Mario Batali has settled lawsuits filed by two separate women who claimed the celebrity chef sexually assaulted them in Boston.

Lawyers for Natali Tene and Alexandra Brown confirmed the settlements on Tuesday, announcing in a statement that “the matters have been resolved to the satisfaction of all parties”. The lawyers declined to comment further, citing confidentiality concerns.

Ms Tene’s allegations were at the heart of the criminal case prosecutors pursued against Mr Batali that ended with his acquittal on charges of indecent assault and battery in May. Ms Tene claimed that Mr Batali forcibly kissed and groped her in a Boston bar in 2017, but the judge in the case ruled that while Mr Batali “did not cover himself in glory on the night in question”, he was concerned about Ms Tene’s credibility.

Ms Tene was far from the only person to accuse Mr Batali of inappropriete behaviour at the height of the Me Too movement. In the winter of 2017, nine women — a number of whom worked for Mr Batali — came forward to accuse the chef of sexual misconduct including groping and harrassment.

In May of 2018, the CBS television programme 60 Minutes reported new allegations against Mr Batali as various muncipalities opened criminal investigations into his behaviour. Mr Batali stepped away from his restaurant empire following the allegations, left his ABC cooking show The Chow and apologised for his conduct.

“I have made many mistakes and I am so very sorry that I have disappointed my friends, my family, my fans and my team,” Mr Batali wrote in an email newsletter after the first allegations were publicised. “My behavior was wrong and there are no excuses.
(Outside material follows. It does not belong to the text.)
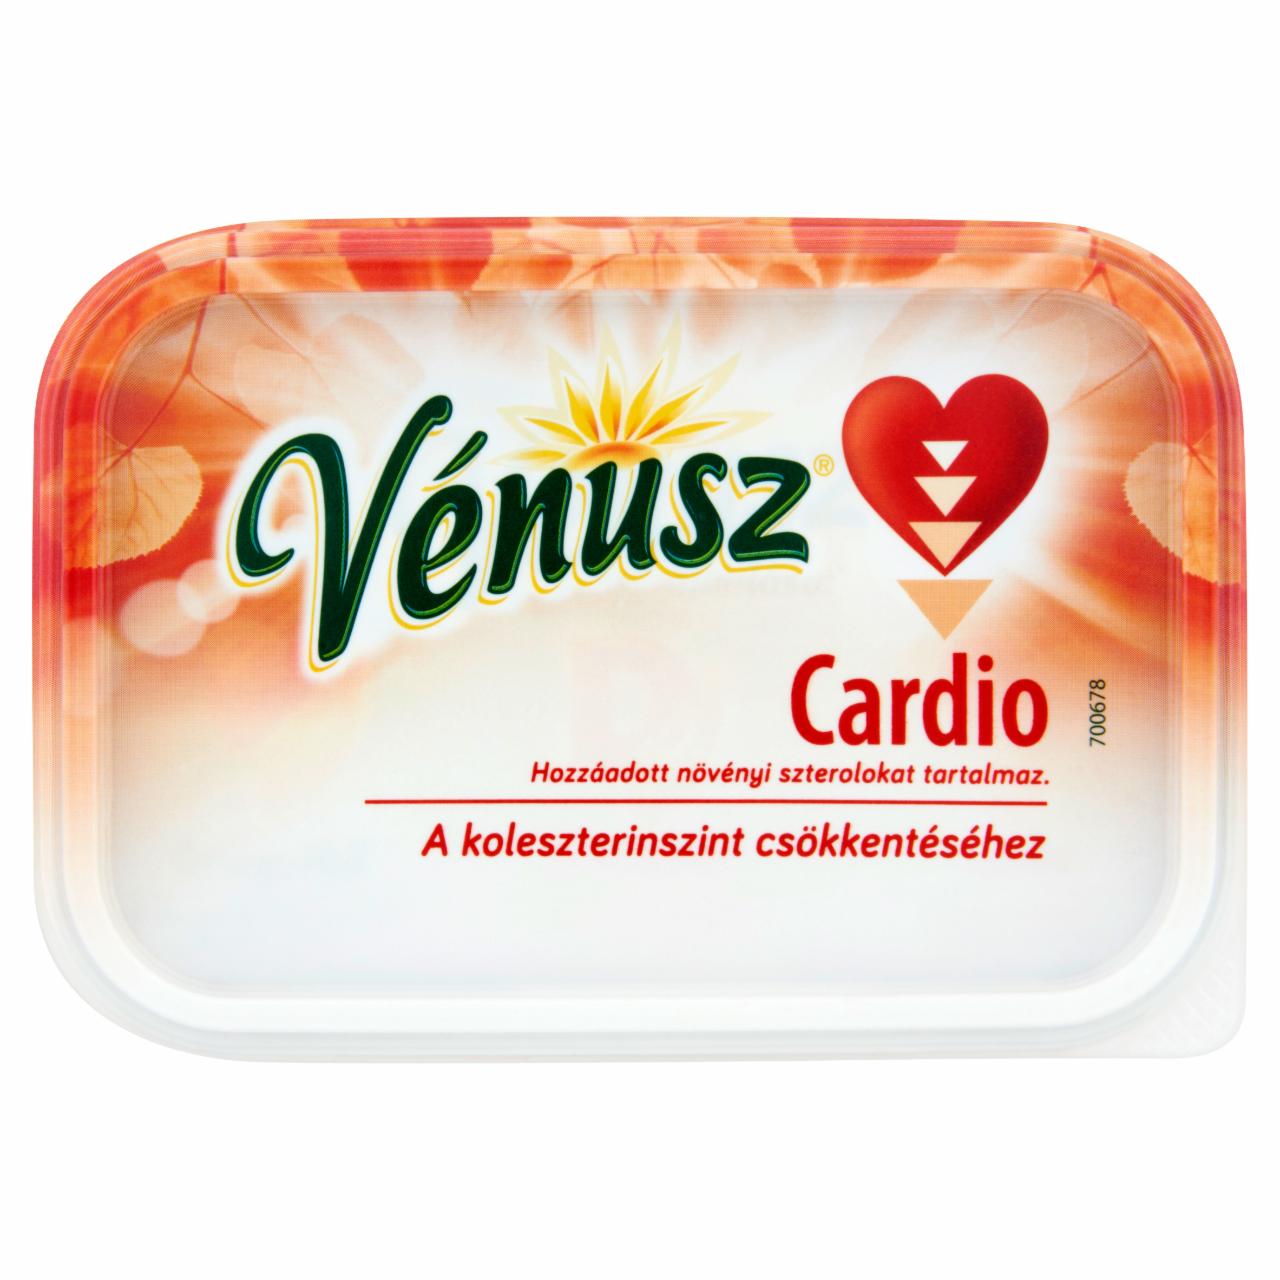 Képek - Vénusz Cardio csökkentett zsírtartalmú margarin hozzáadott növényi szterollal 200 g

I take full responsibility.”

It was a swift fall from grace for a longtime television star who got his break in entertainment with the Food Network programme Molto Mario that launched in the mid-1990s.

“Any admiration I have expressed in the past for Mario Batali and Ken Friedman [another restaurateur who faced misconduct allegations], whatever I might feel about them, however much I admired and respected them, is, in light of these charges, irrelevant,” fellow chef and television personality Anthony Bourdain wrote in an essay in light of the allegations in December 2017.

The allegations against Mr Batali came as part of a much broader reckoning in the restaurant industry and society as a whole about the prevelance of sexual misconduct and male behaviour in light of reporting about the conduct of disgraced former film producer Harvey Weinstein.